Dataset extract:

Segment Open

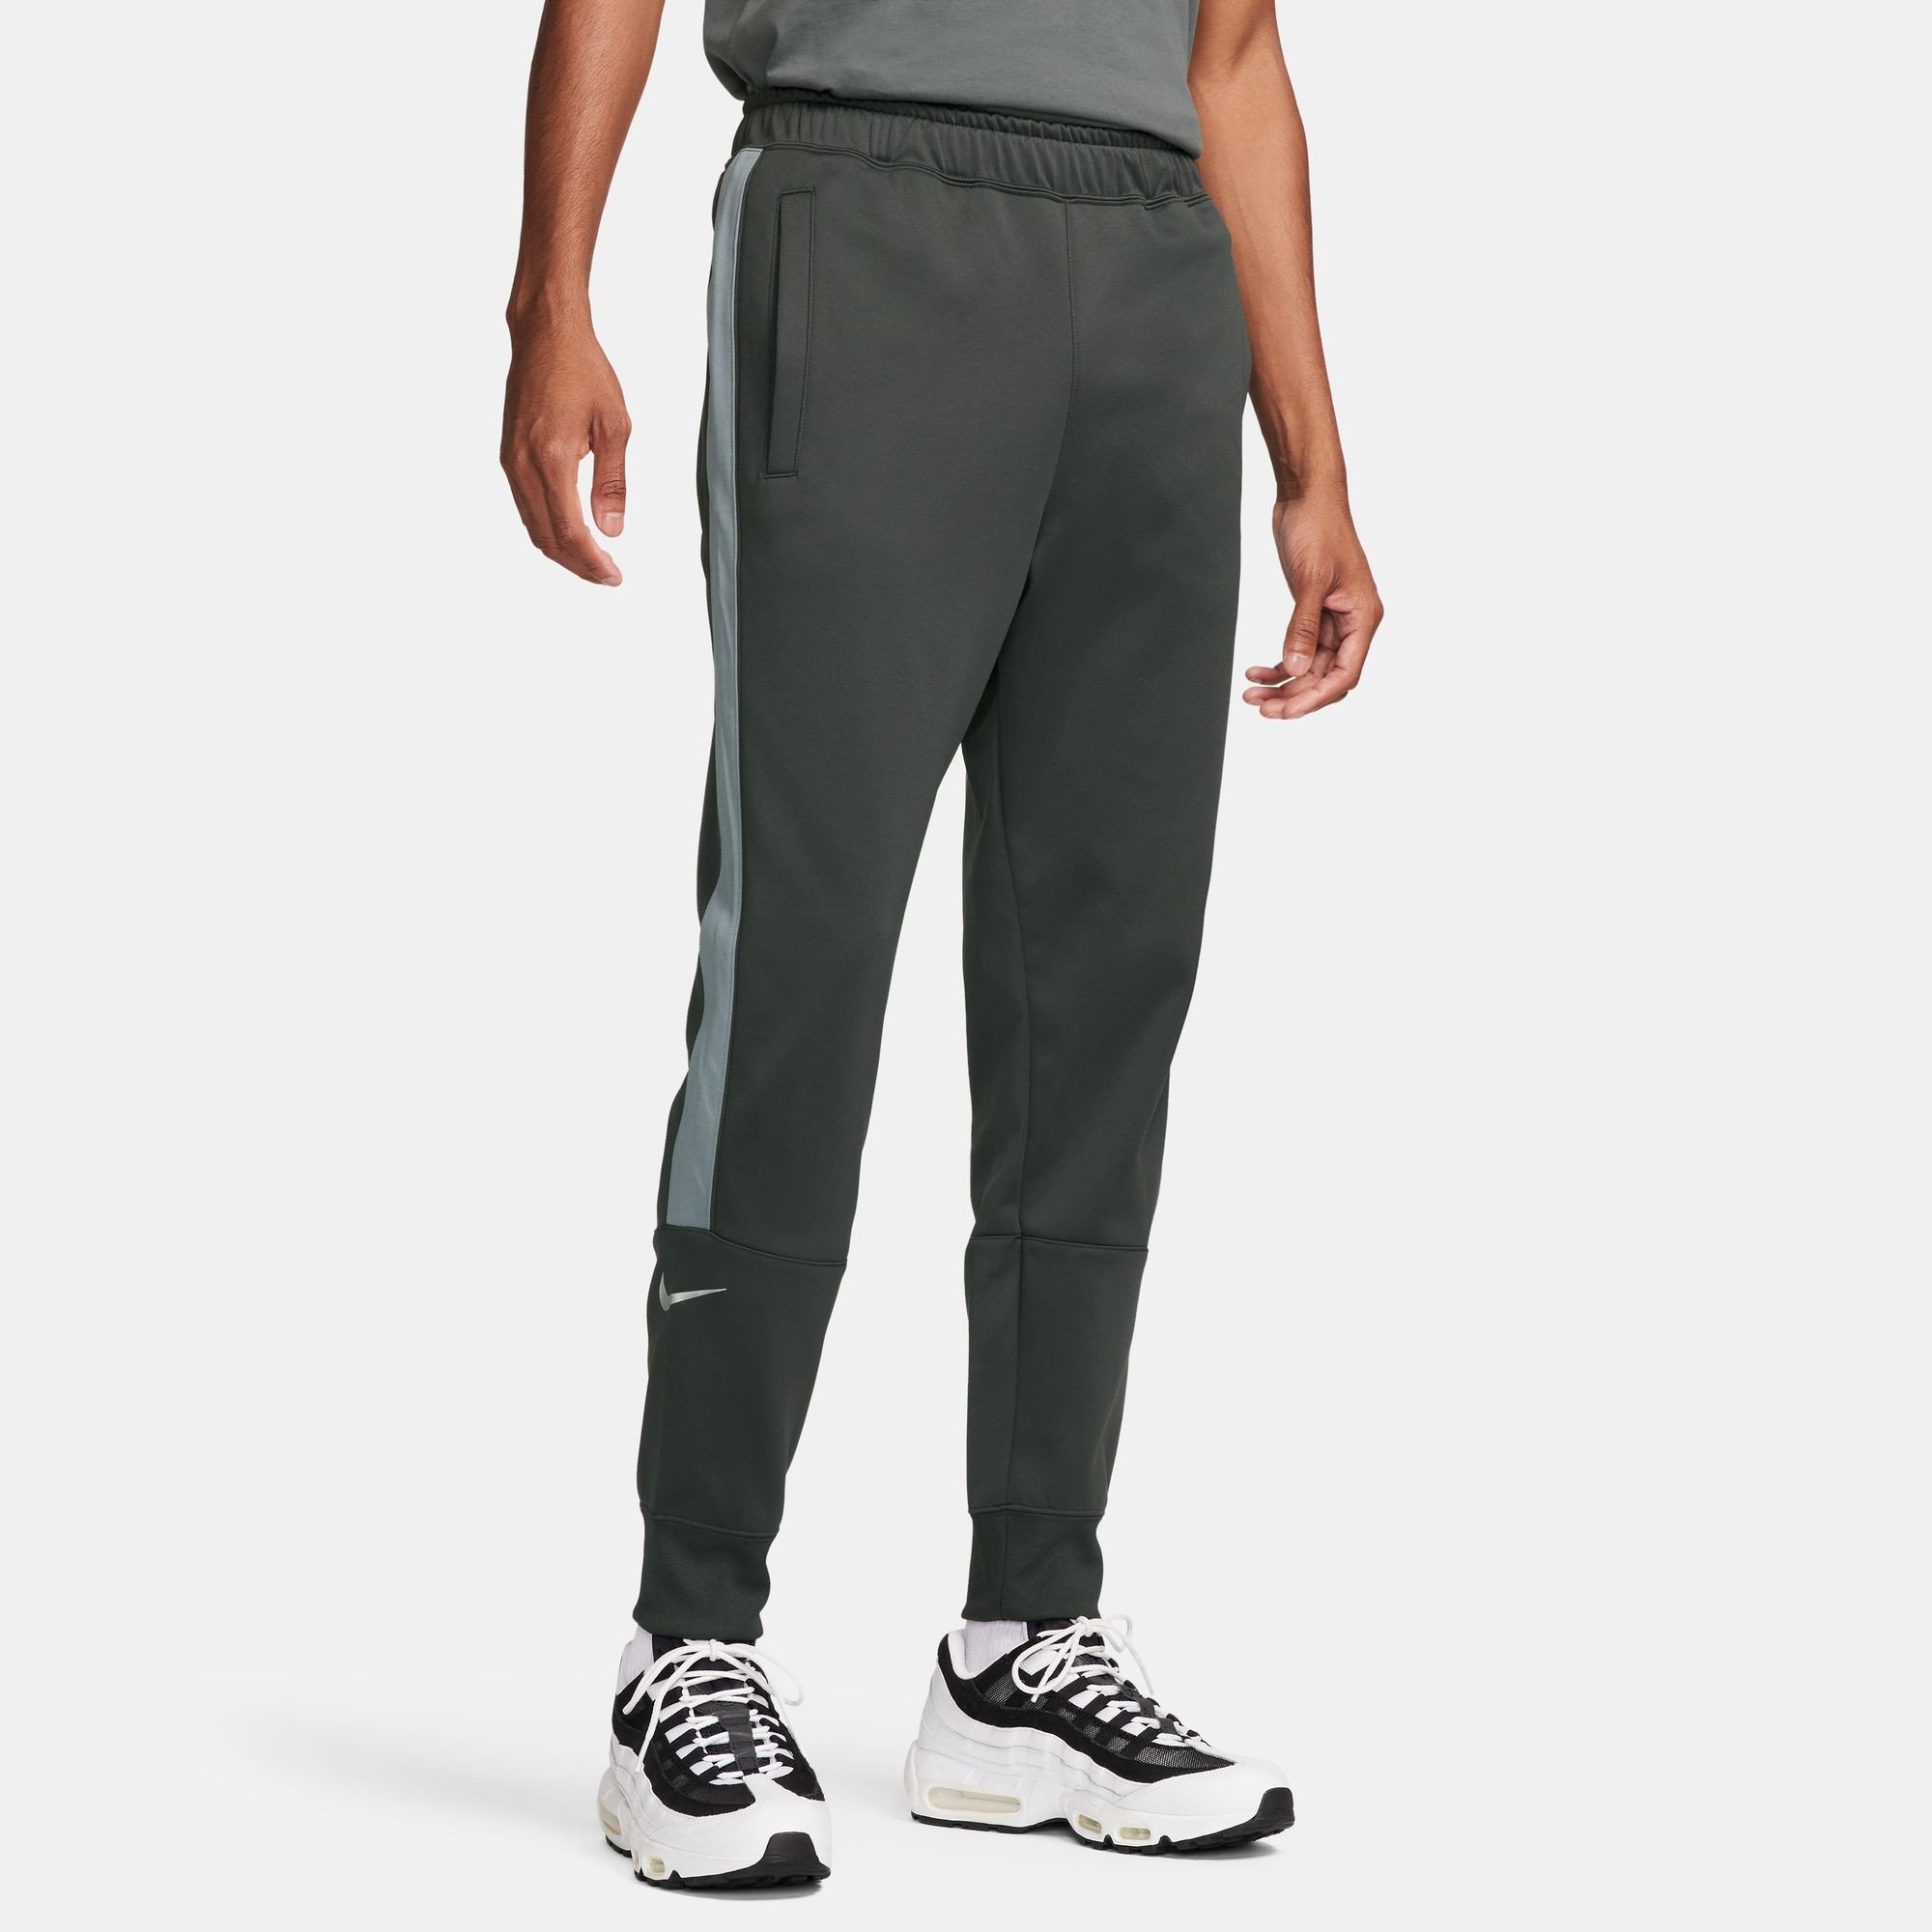 060 - Sneakers Nike Air Men's Jogger Pants Grey FQ8809 - Sneakers
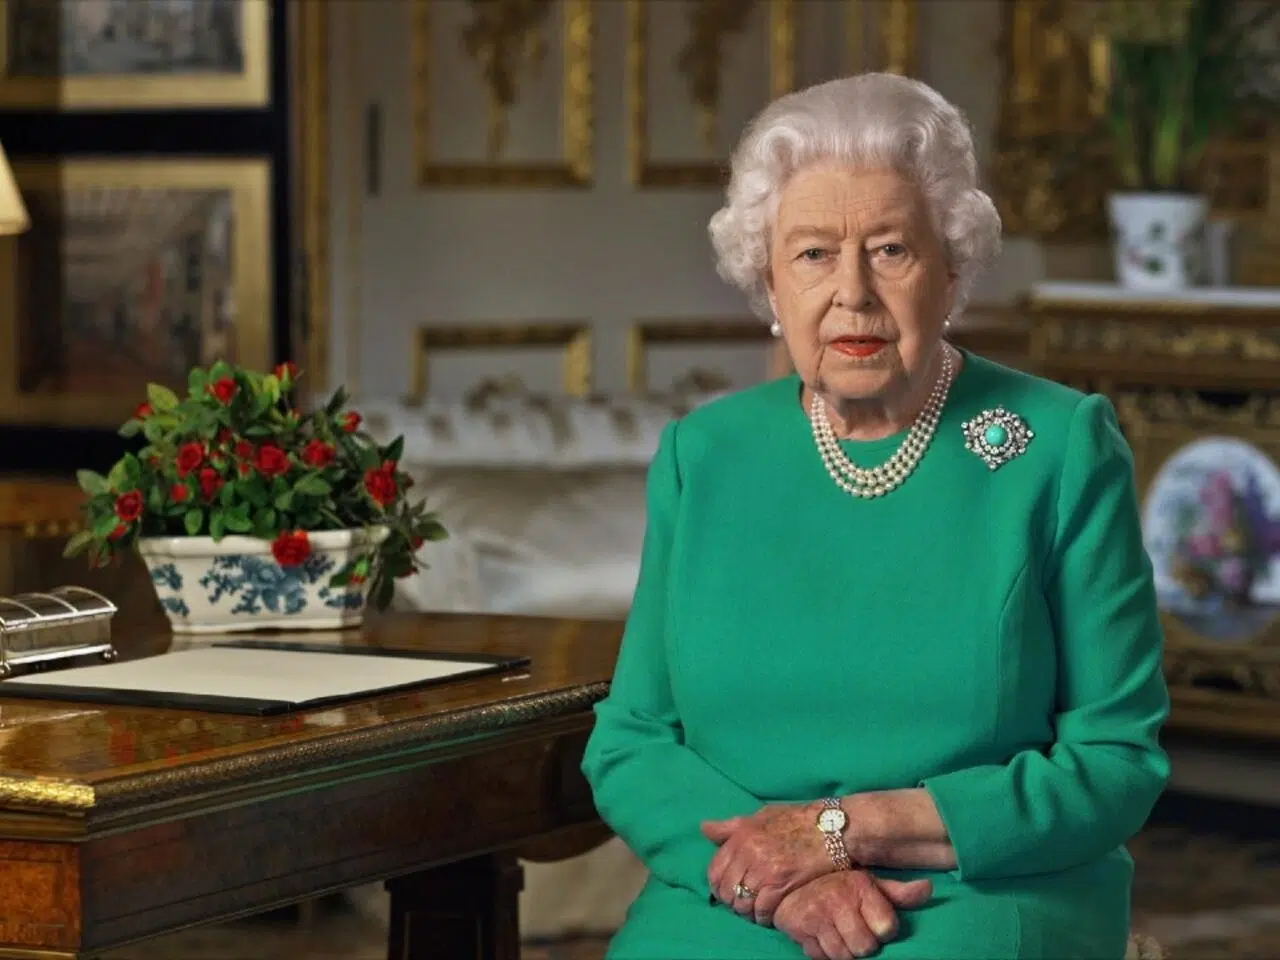 La Reina Isabel II dejó una misteriosa carta tiempo antes de morir ¡No podrá ser abierta hasta 2085!
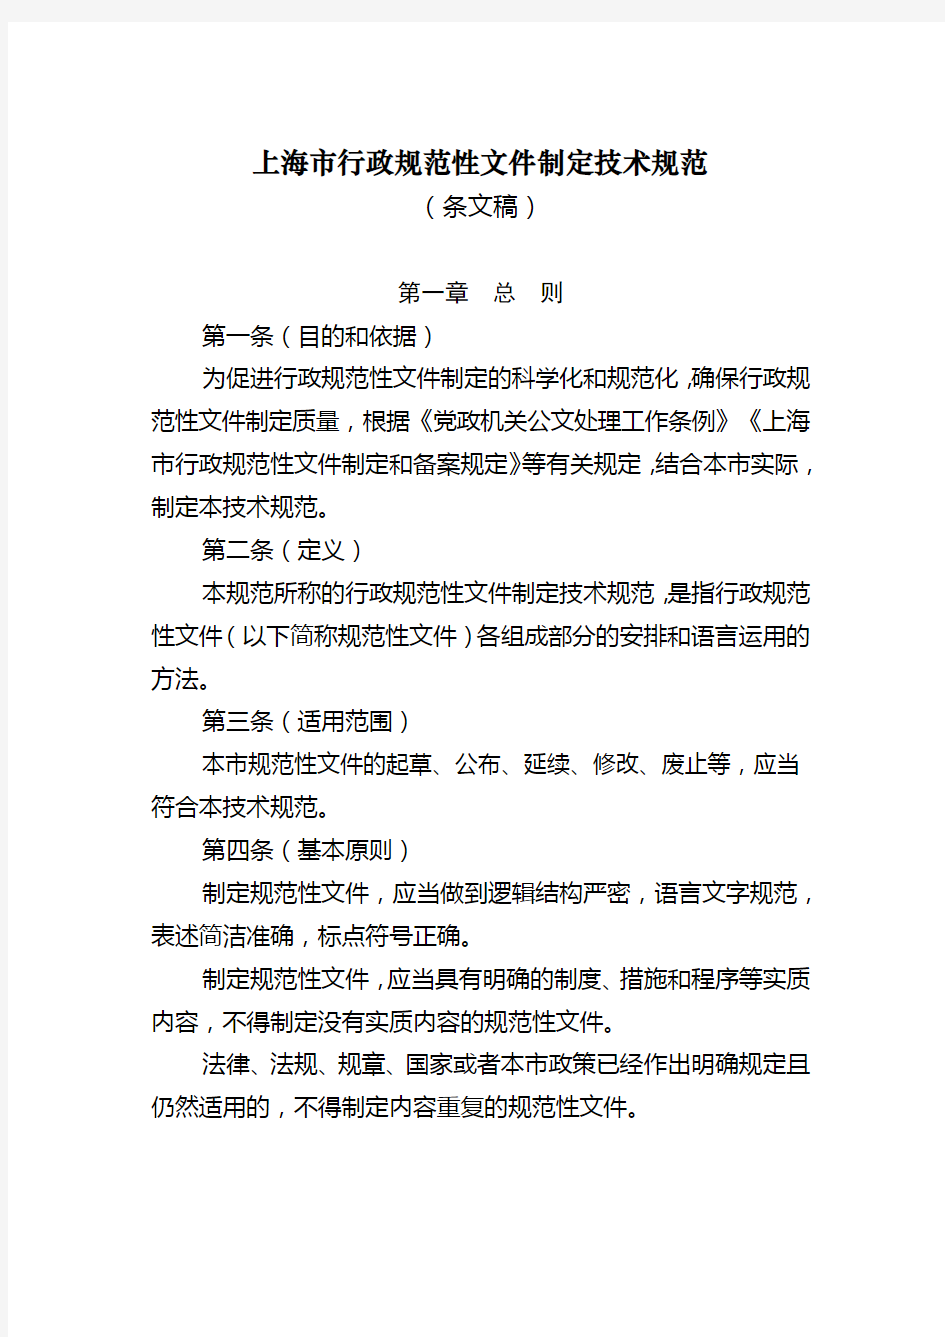 上海市行政规范性文件制定技术规范

Segment Closed

What you should do:
Omit every picture while copying the listing above exactly.

Problem solution:
 060 - Sneakers Nike Air Men's Jogger Pants Grey FQ8809 - Sneakers
 La Reina Isabel II dejó una misteriosa carta tiempo antes de morir ¡No podrá ser abierta hasta 2085!
 上海市行政规范性文件制定技术规范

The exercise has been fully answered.